For Beatrice, the story continued.  She loved learning, excelled in school, and caught the attention of Heifer supporters who paid for her way through prep school and college.  Last June she graduated from Connecticut College.  She plans to return to Africa to help other impoverished communities.  All because of a goat.

Page McBrier tells this modern day fairytale-come-true in a beautiful children’s book.  I.  Love.  This.  Book.  I marvel at the beauty of the story itself and how it empowers readers to contribute a little to make a big difference.  Ms.

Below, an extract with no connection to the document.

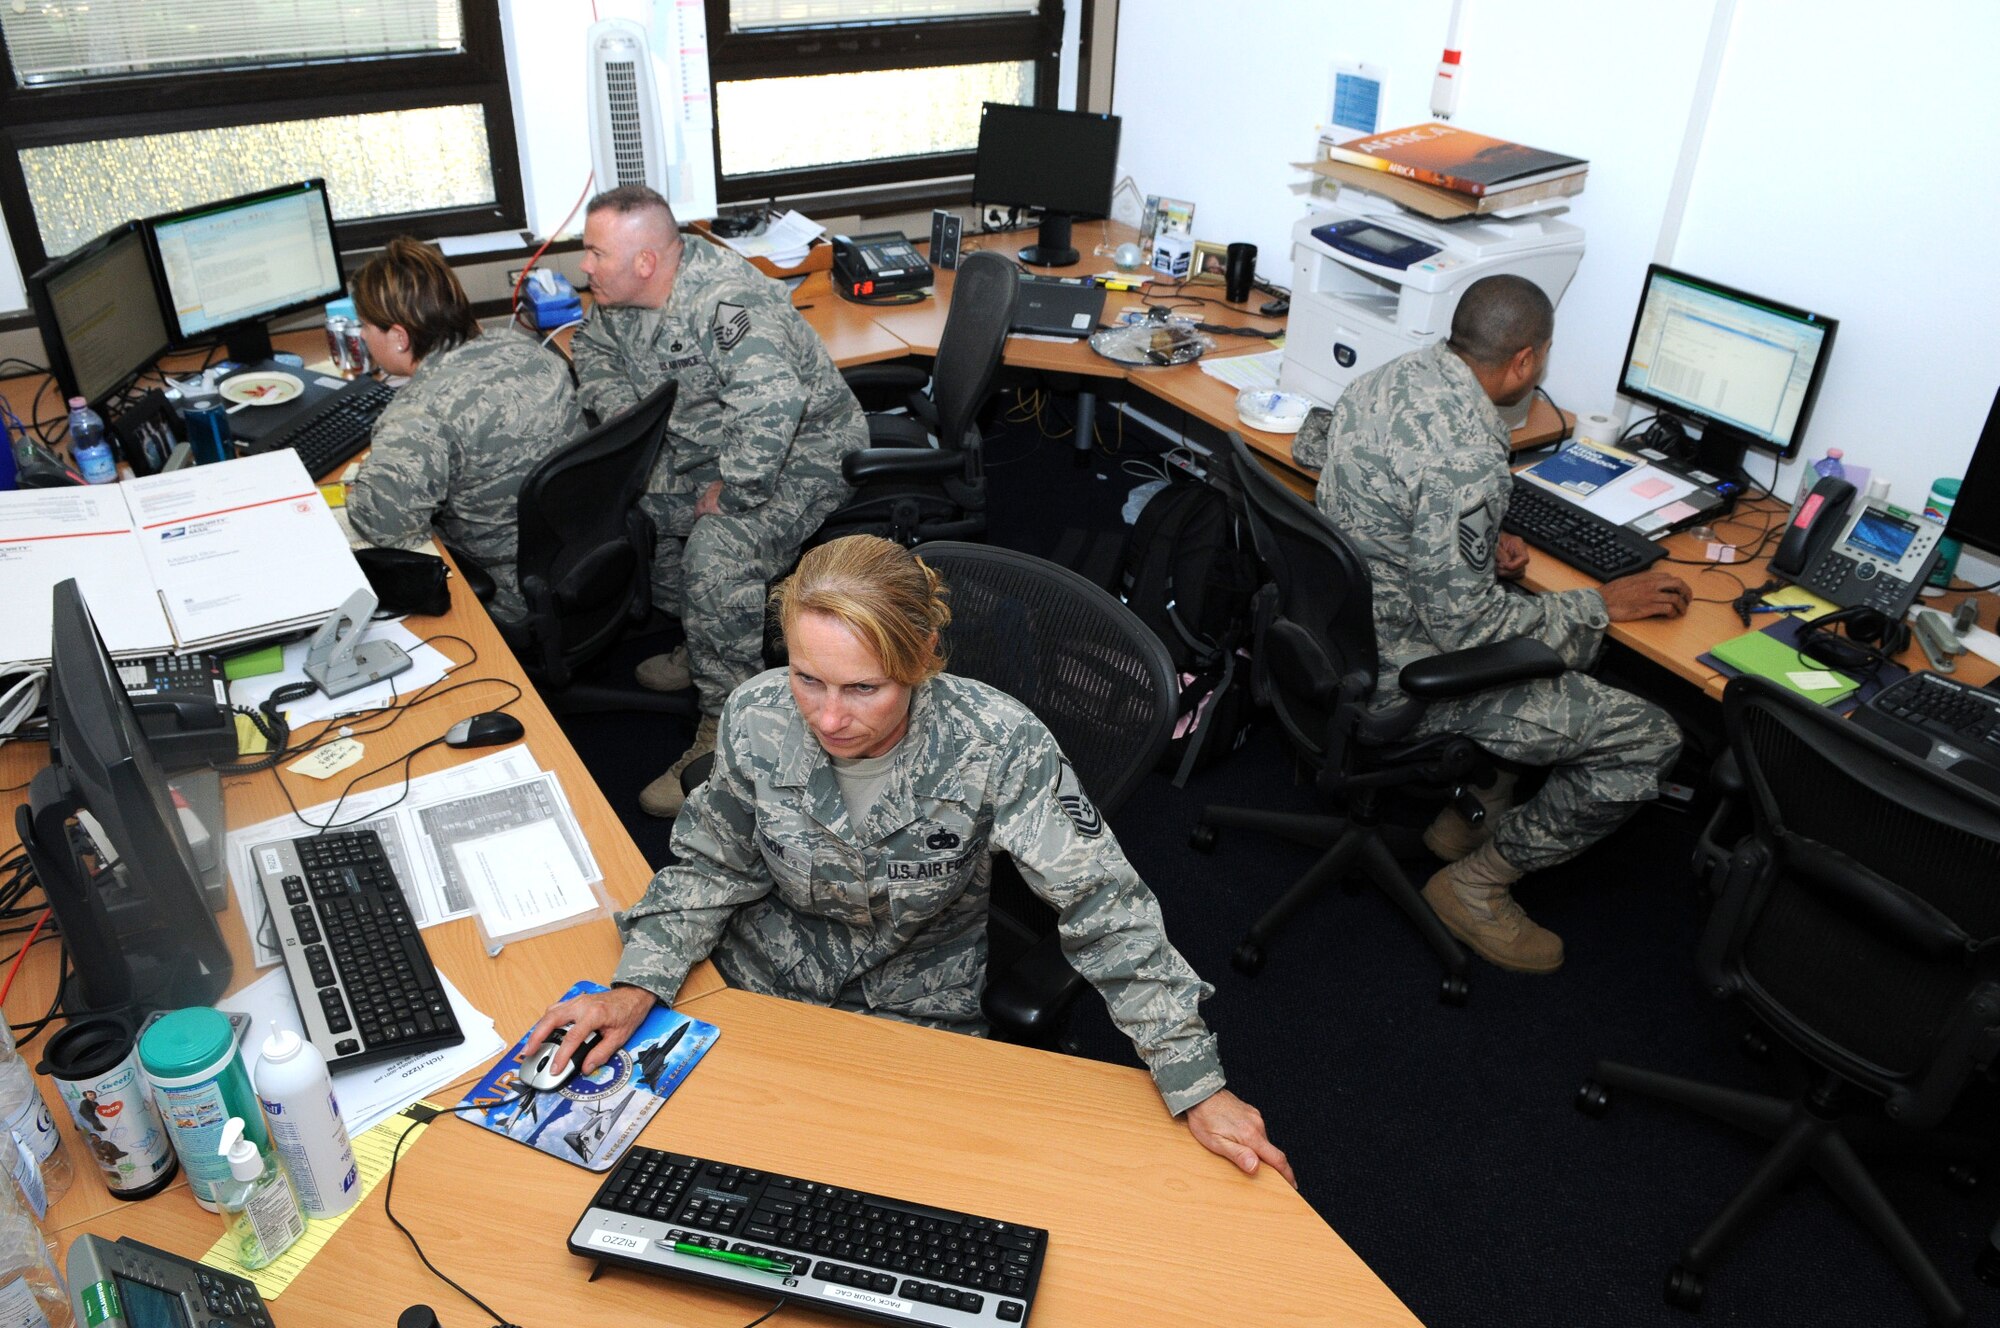 RAMSTEIN AIR BASE, Germany -- (Clockwise from right) Master Sgt. Shaun Ford, Master Sgt. Susan Cook, Capt. Amanda Sater and Master Sgt. Rich Rizzo of 17th Air Force's A4/7 (Logistics) Directorate share a small work space due to ongoing construction and the growing size of the staff. Ten workstations have been improvised in the 248-square foot room. (USAFE photo by Master Sgt. Jim Fisher)

McBrier will be at the LA Times Festival of Books in the Heifer booth on Saturday from 11AM to 3PM autographing Beatrice’s Goat.  I’m buying three autographed books to giveaway.  I’ll be at the booth on Saturday and Sunday from noon to 3PM, so if you’re attending the Festival, please stop by and visit.

Here’s how you can win:

1.  Comment on this post.

2.  In honor of Heifer’s Pass-on-the-Gift Month, we’re donating $1 for each commenter on any Heifer post during the month of April on Bookstore People (the original donation post, this post or one coming up next week with more exciting Heifer news), Traveling Mamas and Type-A Mom.  We’re giving away up to $1,500.  Comment on the Heifer post at Traveling Mamas and Type-A Mom so we donate another $1, leave another comment here letting us know, and you have another entry.

3.  Share this giveaway on one or more social media sites (Twitter, Facebook, My Space, etc) and let us know for another entry.

I’ll be holding the drawing on April 30th.  This book is precious to me, you will love it, so try to win it.